Misregulation of gene expression in the redox‐sensitive NF‐κb‐dependent limb outgrowth pathway by thalidomide

Abstract Thalidomide is known to induce oxidative stress, but mechanisms have not been described through which oxidative stress could contribute to thalidomide‐induced terata. Oxidative stress modulates intracellular glutathione (GSH) and redox status and can perturb redox‐sensitive processes, such as transcription factor activation and/or binding. Nuclear factor‐kappa B (NF‐κB), a redox‐sensitive transcription factor involved in limb outgrowth, may be modulated by thalidomide‐induced redox shifts. Thalidomide‐resistant Sprague‐Dawley rat embryos (gestation day [GD] 13) treated with thalidomide in utero showed no changes in GSH distribution in the limb but thalidomide‐sensitive New Zealand White rabbit embryos (GD 12) showed selective GSH depletion in the limb bud progress zone (PZ). NF‐κB and regulatory genes that initiate and maintain limb outgrowth and development, such as Twist and Fgf‐10 , are selectively expressed in the PZ. Green fluorescent protein (GFP) reporter vectors containing NF‐κB binding promoter sites were transfected into both rat and rabbit limb bud cells (LBCs).
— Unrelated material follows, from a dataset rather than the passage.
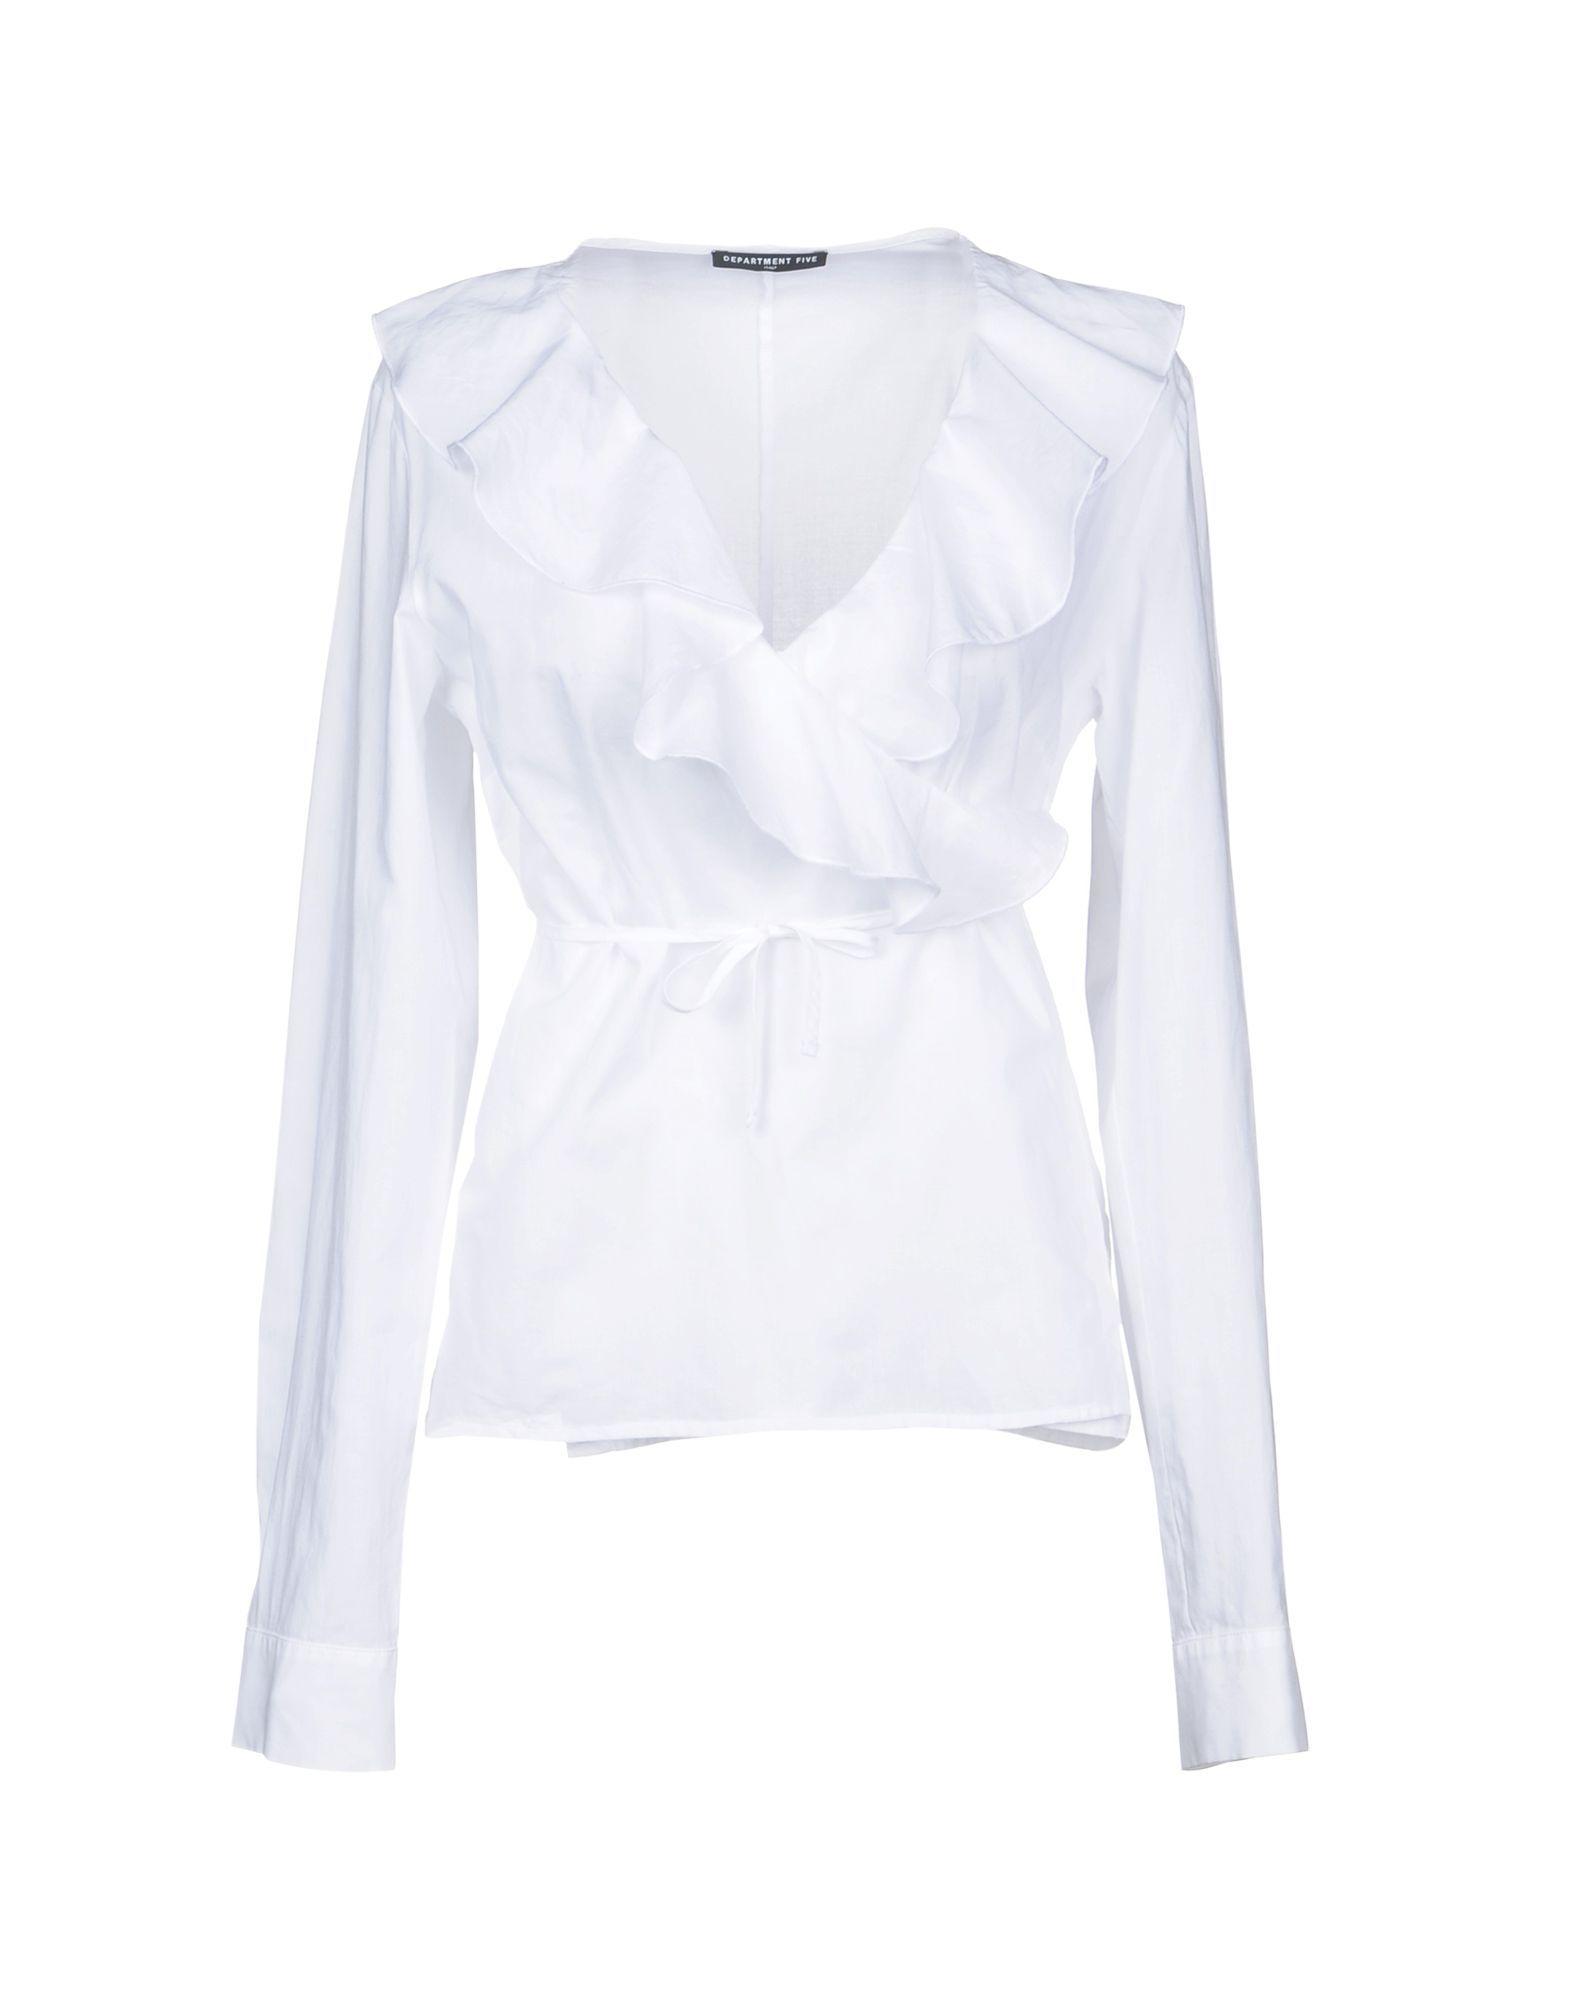 SHIRTS Department 5 White Woman Cotton

Treatment with thalidomide caused a preferential decrease in GFP expression in rabbit LBCs but not in rat LBCs. N‐acetylcysteine and α‐N‐t‐phenylbutyl nitrone (PBN), a free radical trapping agent, rescued GFP expression in thalidomide‐treated cultures compared with cultures that received thalidomide only. In situ hybridization showed a preferential decrease in Twist , Fgf‐8 , and Fgf‐10 expression after thalidomide treatment (400 mg/kg per day) in rabbit embryos. Expression in rat embryos was not affected. Intravenous cotreatment with PBN and thalidomide (gavage) in rabbits restored normal patterns and localization of Twist , Fgf‐8 , and Fgf‐10 expression. These findings show that NF‐κB binding is diminished due to selective thalidomide‐induced redox changes in the rabbit, resulting in the significant attenuation of expression of genes necessary for limb outgrowth. © 2002 Wiley‐Liss, Inc.